MegEngine / MegDiffusion

MegEngine implementation of Diffusion Models.
Apache License 2.0
16 stars 0 forks source link

eps for GroupNorm #5

Closed Asthestarsfalll closed 2 years ago

Asthestarsfalll commented 2 years ago

Great work! The paramter 'eps' in group norm will be initialized to 1e-5 by default. However, the group norm in TensorFlow has a little diference, which is initialized with 1e-6. Maybe it doesn't have any influence on training results, but can you just modify this(for all GroupNorm in code) for aligning? Because I want to convert the trained model from torch or tf to megengine, the less the error is, the better it is.

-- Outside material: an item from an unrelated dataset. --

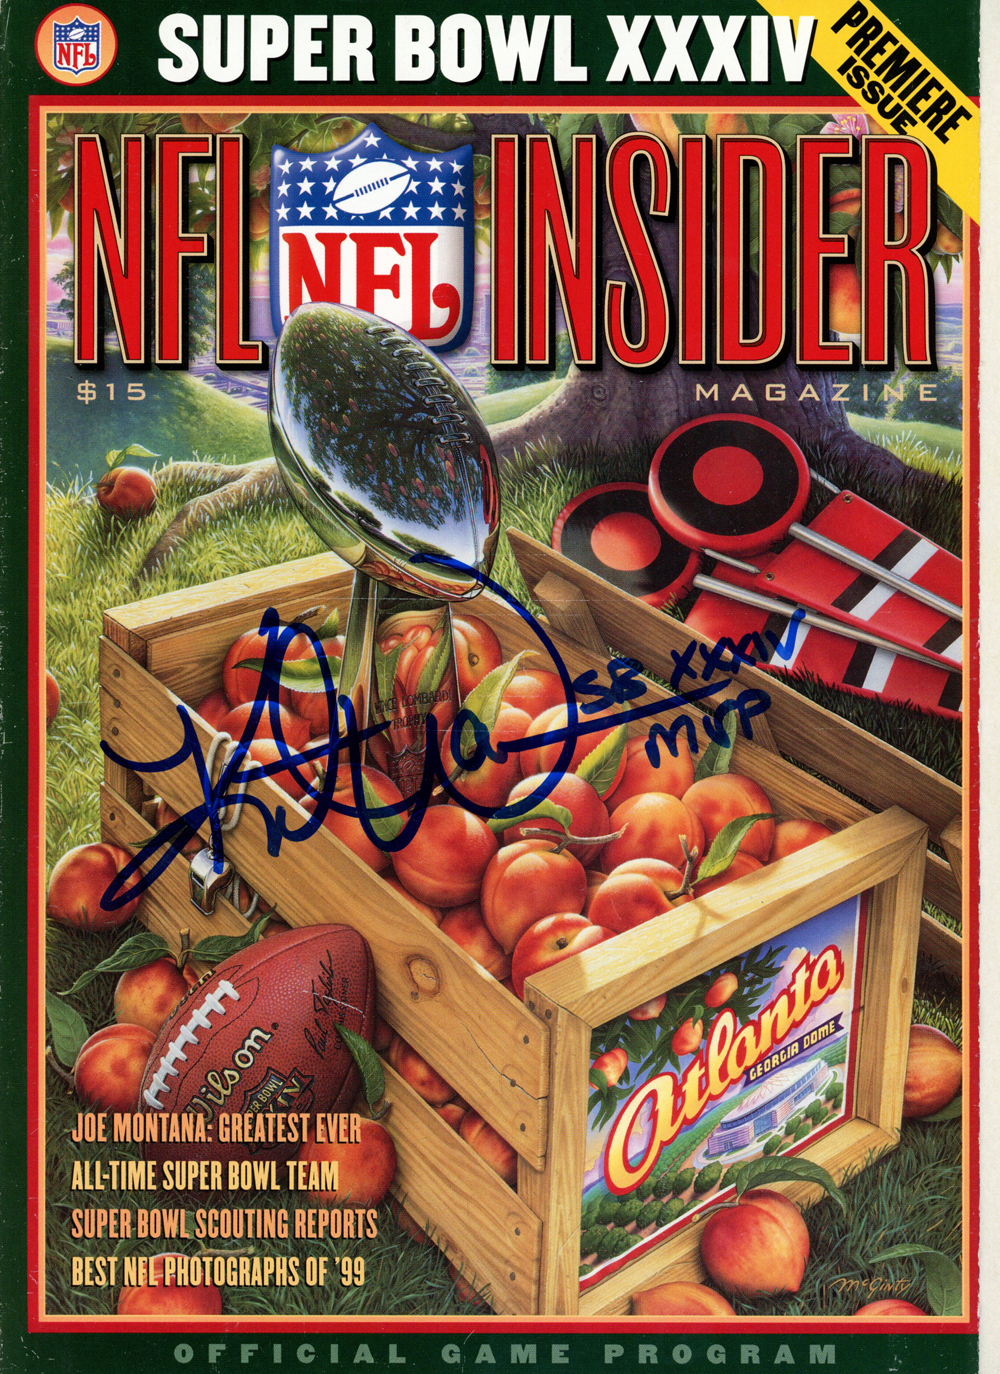 Kurt Warner Autographed NFL Insider Magazine March 2000 Beckett

ChaiByte commented 2 years ago

Thanks for your watching! The DDPM model was based on some Pytorch code implementation at first and I'm glad to hear that you are willing to convert original pre-trained model to MegEngine. Here are some information might be helpful:

In my opinion, converting scripts are also important for users to understand how converted pre-trained models come from. So I sugguest you upload them into this repo, which could encourage more users join us.

Btw, I'm not sure yet how to develop this library in the future, I hope it will help more people understand the implementation of diffusion models. (OpenAI's improved/guided codebase is great, but lack of readability.)

ChaiByte commented 2 years ago

During developing this repo, I write some notes in Chinese for myself to understand more about diffusion models. Here is a post: https://meg.chai.ac.cn/ddpm-megengine/ Welcome to read it and give me some advice.

Asthestarsfalll commented 2 years ago

I'm willing to upload my convert codes, but it doesn't work well after converting. The error between megengine and pytorch implementation are high with the same input. Because of the padding of convolution in Downsample are different, which in pytorch implementation it uses asymmetric padding. Atfter I modified the megengine implmetation, the result:

class DownSample(M.Module):
    """"A downsampling layer with an optional convolution.

    Args:
        in_ch: channels in the inputs and outputs.
        use_conv: if ``True``, apply convolution to do downsampling; otherwise use pooling.
    """""

    def __init__(self, in_ch, with_conv=True):
        super().__init__()
        self.with_conv = with_conv
        if with_conv:
            self.main = M.Conv2d(in_ch, in_ch, 3, stride=2)
        else:
            self.main = M.AvgPool2d(2, stride=2)

    def _initialize(self):
        for module in self.modules():
            if isinstance(module, M.Conv2d):
                init.xavier_uniform_(module.weight)
                init.zeros_(module.bias)

    def forward(self, x, temb):  # add unused temb param here just for convince
        if self.with_conv:
            x = F.nn.pad(x, [*[(0, 0)
                         for i in range(x.ndim - 2)], (0, 1), (0, 1)])
        return self.main(x)

image

Btw, I'm also a beginner in ddpm, your blog helps me a lot!

ChaiByte commented 2 years ago

Got it. I'm not available at the moment and I will check the padding mode and #6 after day off.

ChaiByte commented 2 years ago

The initial eps value has been updated and I will close this issue now to keep tracking the same thing in one issue.

Feel free to reopen it if you have any questions or suggestion.